— Абсолютно не хочется.
Она промолчала. Потом сказала негромко:
— Будет совсем не по-людски, если вы не повидаетесь.
Я думал о том же. Но совершенно не представлял, как это сделать. И, вдобавок, самую середку души вкрадчиво, но неотступно глодал ядовитый червячок: а можно ли ей доверять-то, господи боже мой? Хотя Беню, по всем его показаниям, «осенили» раньше, чем я собрался в Симбирск и проболтался об этом Стасе, но ведь и показания могли быть «наведены» извне, оставалась вероятность того, что покушение на патриарха вызвано моим внезапным желанием побеседовать с ним — ничтожная, да, но, казалось, я не имел права рисковать, совсем уж сбрасывая ее со счетов, слишком велика была ставка.
И все же я сбросил. Пусть лучше меня застрелят в Стокгольме. Жить с такими мыслями о женщине, которую любишь, которая ждет ребенка от тебя — это много хуже смерти. Собственно, это и есть смерть. Смерть души.
— Ты права, — ответил я.
— Давай знаешь, как сделаем? — бодро заговорила она. — Я сейчас ей позвоню и позову в гости. Она здесь уже бывала, так что, если твои бармалеи действительно следят за домом, они ничего не заподозрят. А сама, — она чуть пожала плечами, — куда-нибудь уйду на часок-другой. Так хорошо?

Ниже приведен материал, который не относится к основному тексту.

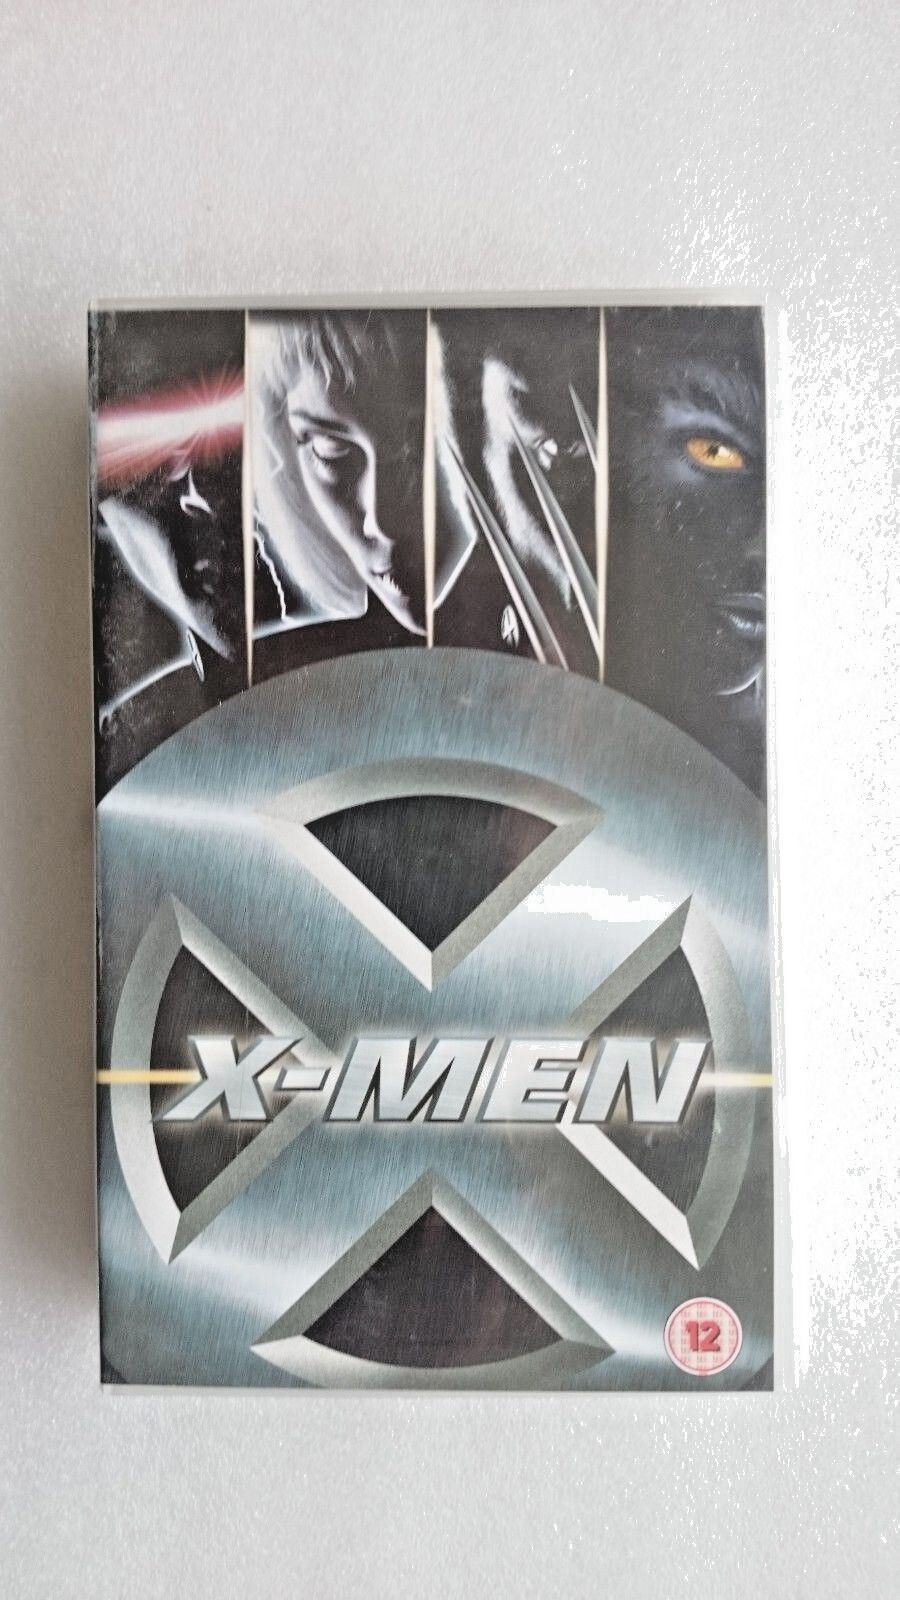 X-Men (VHS, 2001)
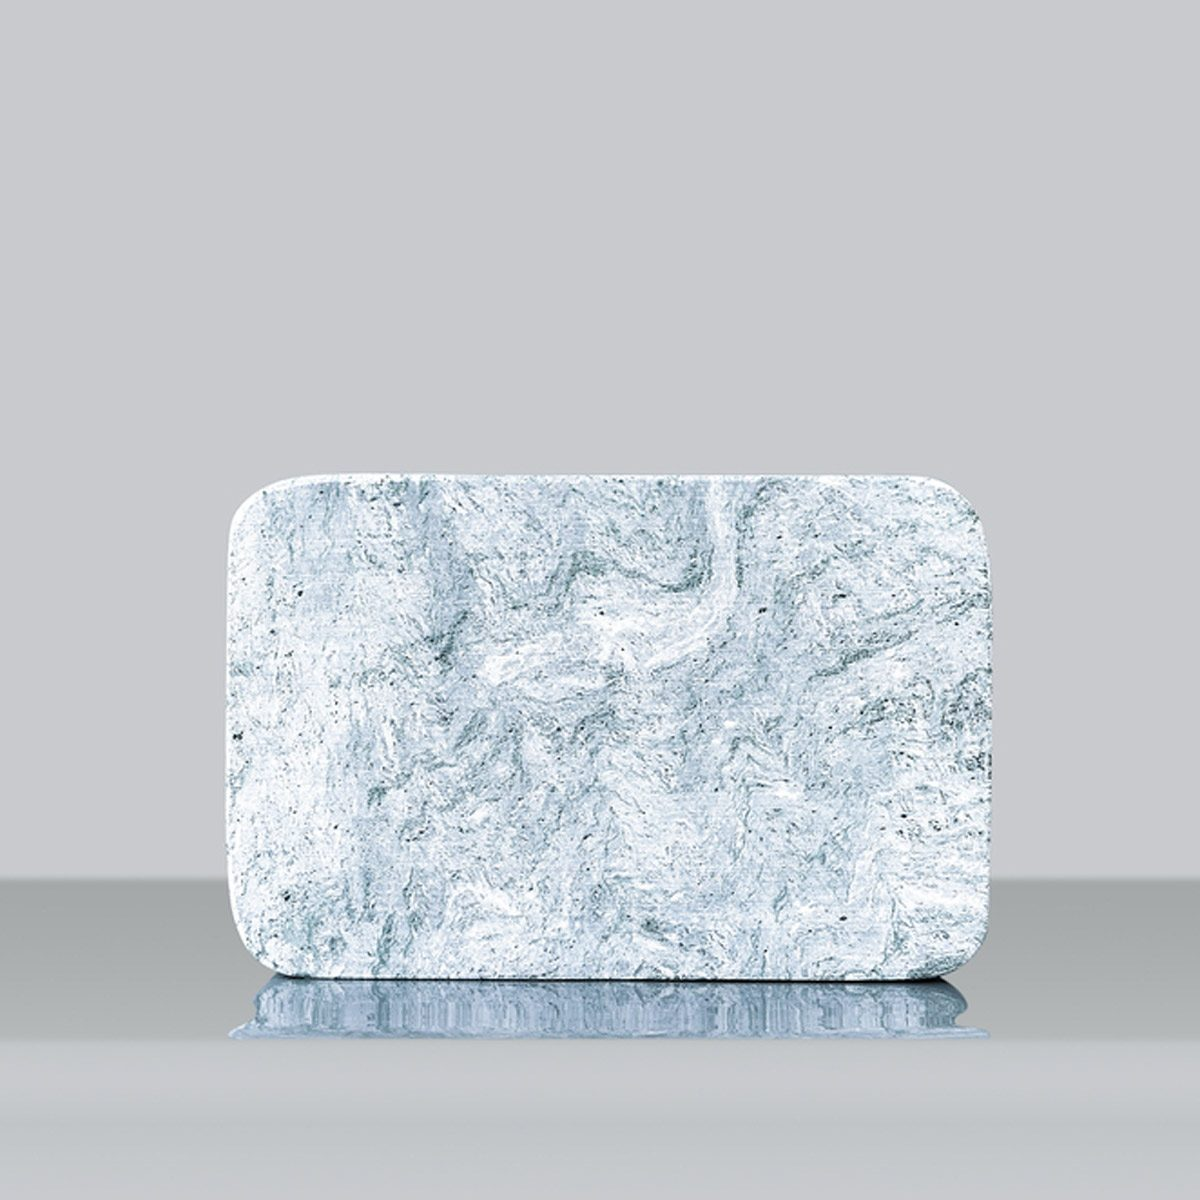 dfh9_shutterstock_363501530 soapstone
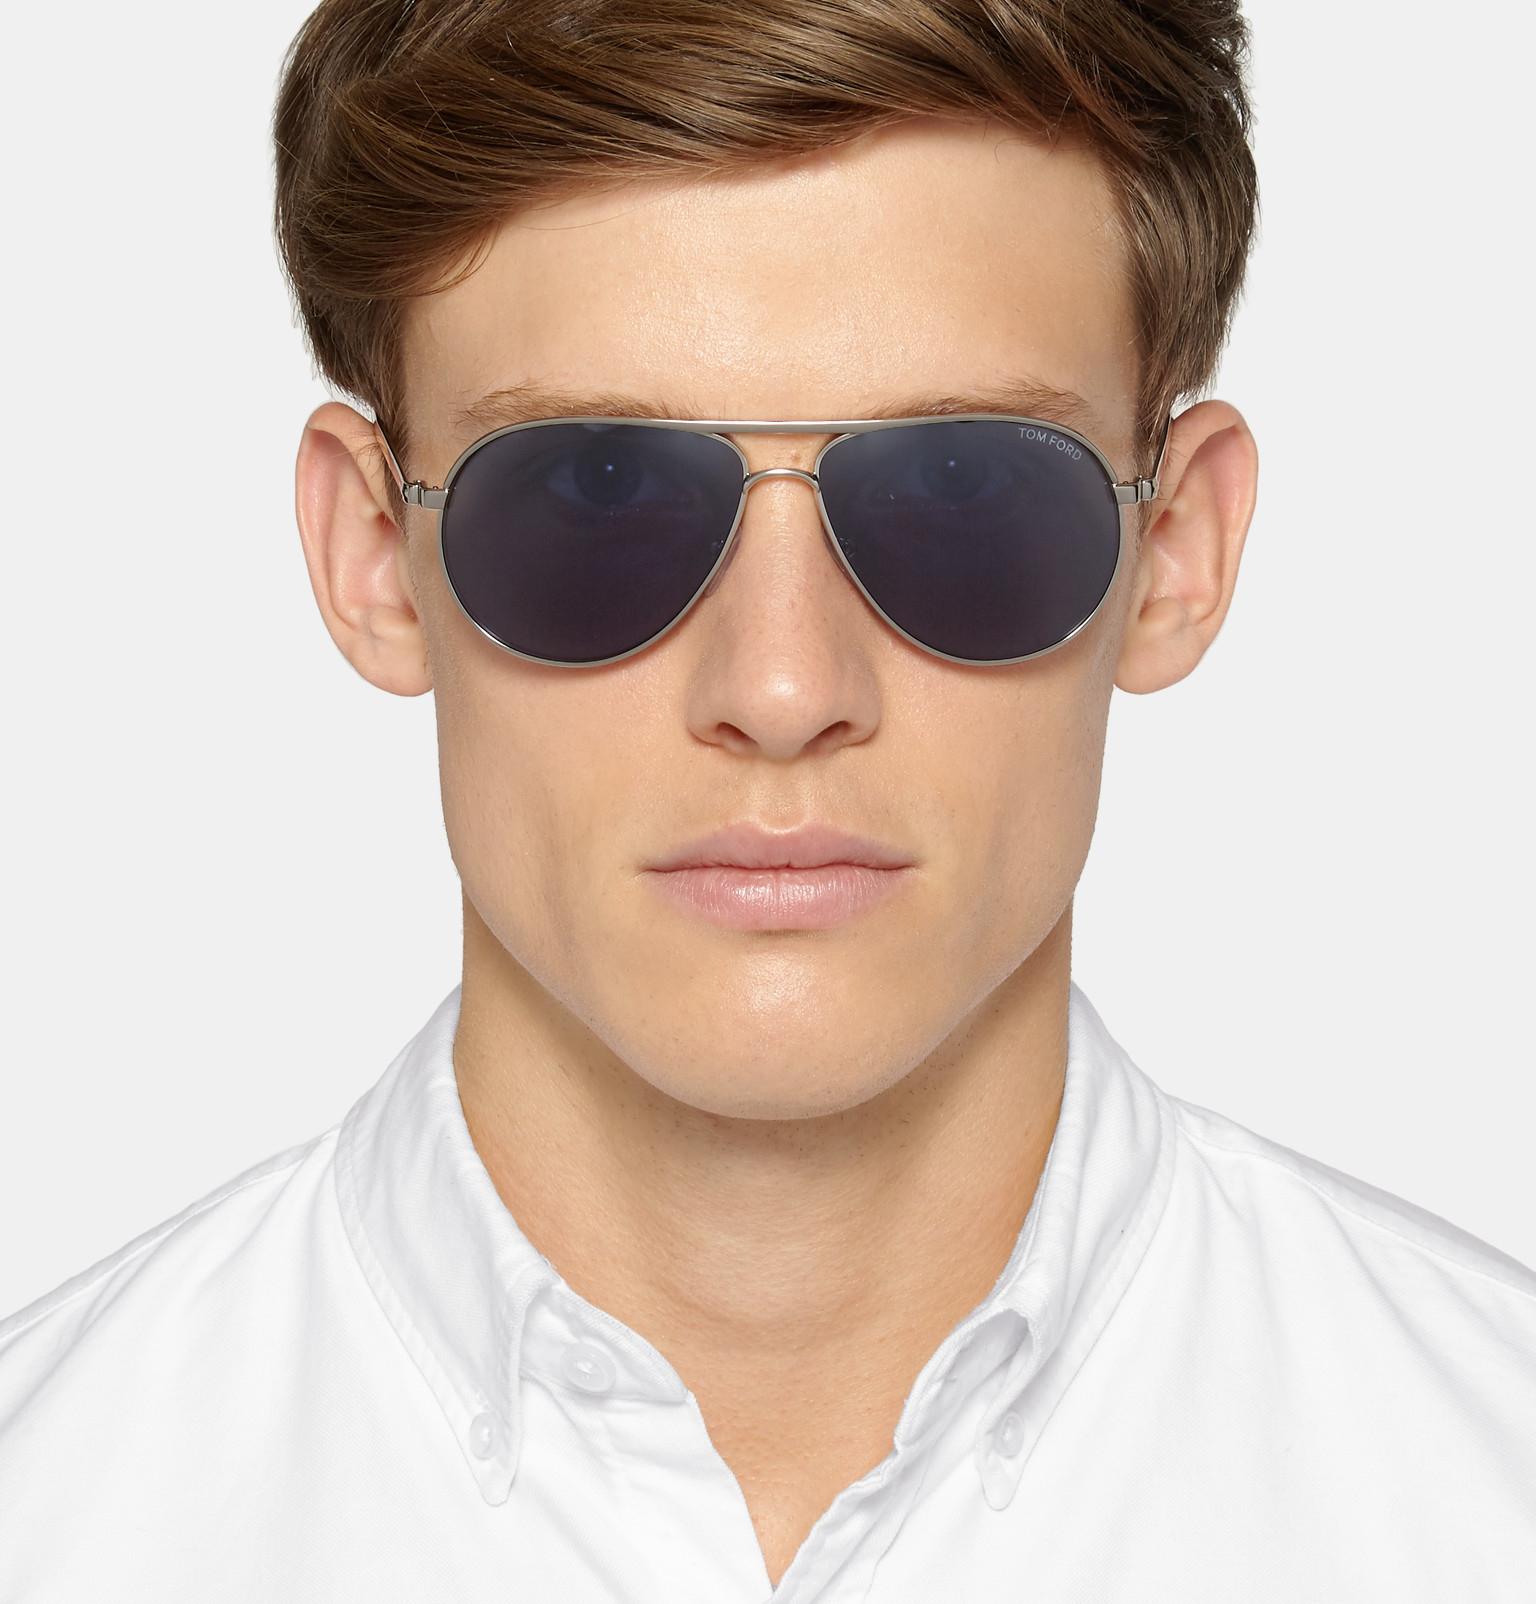 lyst tom ford marko aviator style silver tone sunglasses. Black Bedroom Furniture Sets. Home Design Ideas
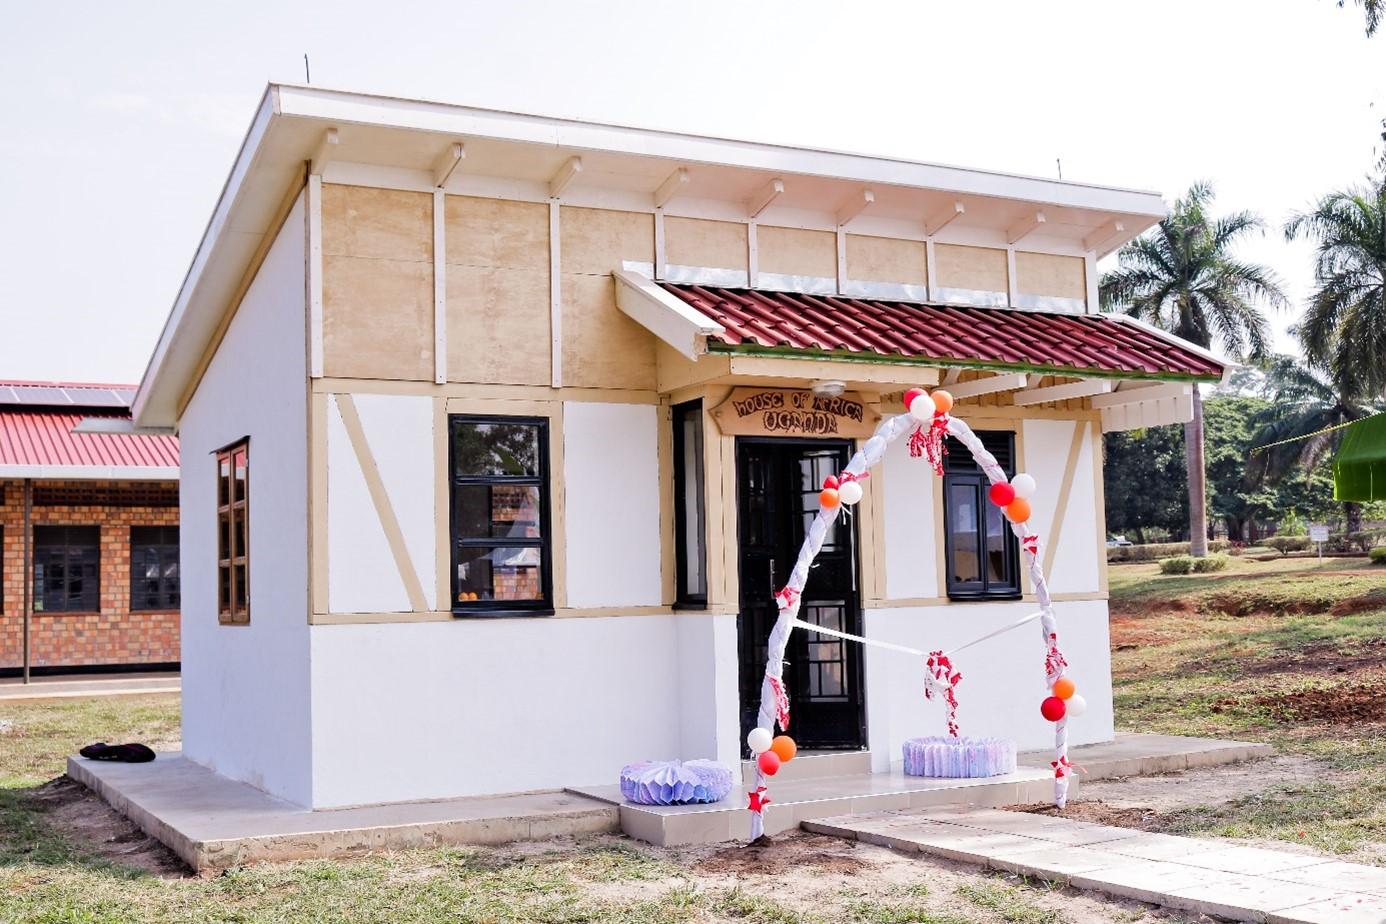 House of Africa in Hoima, Uganda. Foto: © GIZ

И опять горло мне сдавил горячий влажный обруч. Уже я смотрел на не, как на икону, с восхищением и благоговением, и думал, что если хоть волос упадет с ее головы, или если на действительно решит уйти от меня — все, я умру.
— Это слишком, Лиза, — сказал я. — Я не могу… тебя так использовать.
— Господи, ну что ты глупости говоришь? При чем тут использовать? Я просто тебе помогаю, и нет мне занятия приятнее. Когда я тебе бинты меняла с нею вместе — разве это было использование? Ты страдал, а я, как могла, тебя лечила.
— Тогда в меня попала пуля.
Она вздохнула, а потом сказала задумчиво:
— Знаешь, это для меня тоже как пуля.
— Ты тоже страдаешь.
— Я страдаю, потому что тебе тяжело, а ты — потому что в тебя попали. Есть разница? И вообще, — решительно добавила она, тут же покраснев, — если бы я, например, в кого-нибудь влюбилась, ты что, вел бы себя иначе? Ты, палач, кровосос, кобель, мне бы не помог?
— Не знаю, — сказал я.
— Зато я знаю. Я тебя знаю лучше их всех, и даже лучше, чем ты сам. И знаешь, почему?
— Почему?
— Потому что я очень послушная. Ты со мной самый неискаженный.
Она подождала еще секунду, потом ободряюще улыбнулась и встала. Пошла в столовую, к телефону.